Twenty-two weeks into the trial, which included outbursts and bizarre behavior from Manson and his co-defendants, the prosecution rested. Lawyers for the defendants stunned the courtroom by announcing that the defense also rested. Van Houten, Susan Atkins and Patricia Krenwinkel immediately shouted that they wanted to testify. Per Manson's instructions, the women said that they wanted to testify to committing the murders on their own and that Manson had nothing to do with the crimes. Hughes objected and stood up against Manson's ploy, stating, "I refuse to take part in any proceeding where I am forced to push a client out the window." After Manson made a statement to the court, however, he then told the women that they no longer had to testify. Judge Charles Older then ordered a ten-day recess to allow the attorneys to prepare for their final arguments. Hughes later told a reporter that he was confident that he could secure an acquittal for Van Houten.

==Disappearance==
On November 27, 1970, Hughes embarked on a camping trip to a remote area near Sespe Hot Springs in Ventura County, California. According to James Forsher and Lauren Elder, two friends who accompanied Hughes on the trip, heavy rains which had caused flash floods in the area had mired their Volkswagen in mud. Forsher and Elder hitchhiked their way out, while Hughes decided to stay in the area until November 29. As the rains continued, the wilderness area was evacuated. Hughes was last seen by three campers on the morning of November 28. They later told investigators that Hughes was alone at the time and had briefly stopped to talk with them. Hughes also appeared to be unharmed and was in an area that was away from flood waters. When court reconvened on November 30, Hughes failed to appear. Due to continued rainstorms, the Ventura County sheriff had to wait two days before a search was launched.

On December 2, Judge Older ordered the trial to proceed and appointed a new attorney, Maxwell Keith, for Van Houten. The women angrily demanded the firing of all their lawyers, and asked to reopen the defense. Judge Older denied the request. By week's end, Hughes had been missing for two weeks. When the court reconvened, Manson and the women created a disturbance suggesting that Judge Older "did away with Ronald Hughes," which resulted in their being removed again from the courtroom.

==Death==
Over the following months, police conducted more than a dozen searches of the area where Hughes was last seen.

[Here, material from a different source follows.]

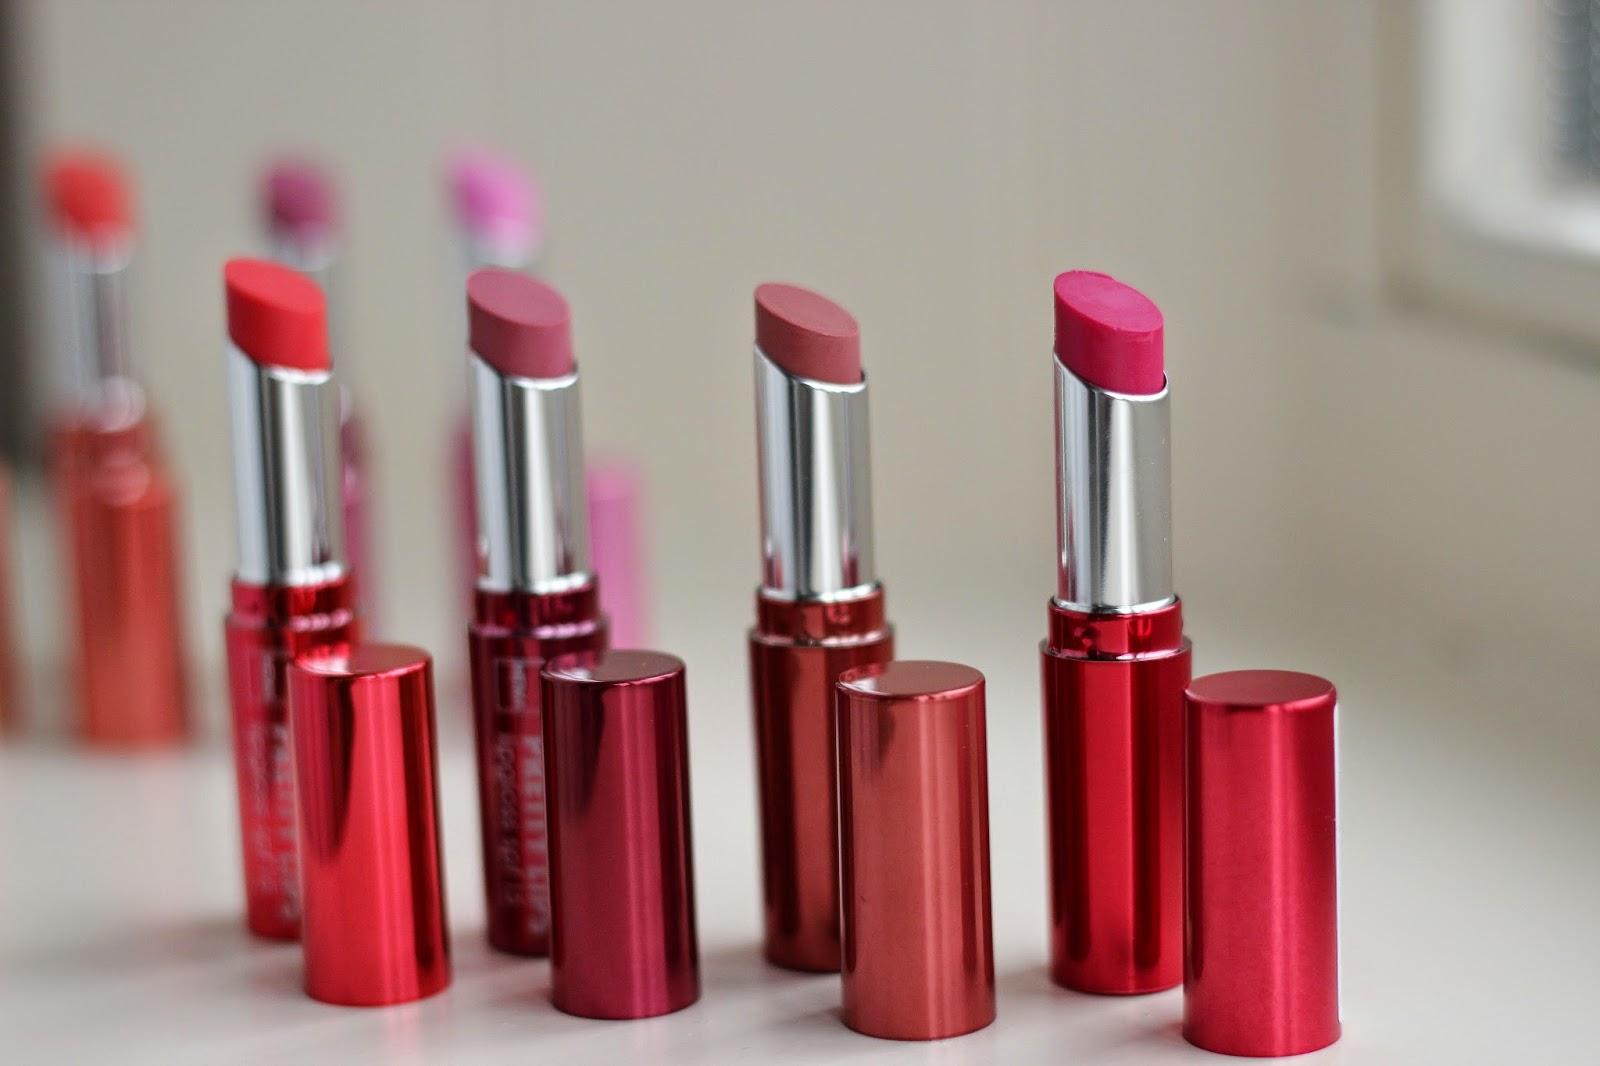 hema pretty lips lipgloss

After receiving an anonymous tip in March 1971, police also searched in the area surrounding the Barker Ranch in Inyo County where Manson and his associates had previously lived.

On March 29, 1971, the same day the jury returned death penalty verdicts against all the defendants on all counts, Hughes' severely decomposed body was discovered by two fishermen in Ventura County. His body was found wedged between two boulders in a gorge. Hughes was later positively identified by dental X-rays. Due to the severe decomposition of his body, the cause and nature of his death was ruled as 'Undetermined'.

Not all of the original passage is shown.